Here is a short tutorial on how to receive SNMP traps in Nagios, in the simplest possible way.

You can find many such tutorials on the Web, naming Nagios official site or forums [fr] or elsewhere [fr].

My tutorial is based on SNMPTT documentation. It aims at assembling only the minimum mandatory components to make things work. You can find the complete original tutorial here.

Prerequisites

I found net-snmp and net-snmp-perlmods RPMs for Fedora 5 on SourceForge.
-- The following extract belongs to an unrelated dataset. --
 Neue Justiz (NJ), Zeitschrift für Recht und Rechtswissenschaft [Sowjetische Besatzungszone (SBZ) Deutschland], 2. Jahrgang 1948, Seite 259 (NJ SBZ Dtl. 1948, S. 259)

SNMPTT installation has to be done manually, for distribution only contains executable files with no set-up script. Copy at least the following commands:

Overview

  1. Some remote host on your network (to be accurate, a piece of software on that host) sends a SNMP trap to Nagios host, where it is handled by snmptrapd service (listening on UDP port 162).
  2. Snmptrapd sends it to SNMPTT on local host, which will try to make the trap understandable. For this, it uses the sender's MIB, previously "compiled" to SNMPTT format and added to SNMPTT configuration.
  3. At last, SNMPTT sends the translated trap to Nagios on local host, using submit_check_result command to write it to Nagios external command file.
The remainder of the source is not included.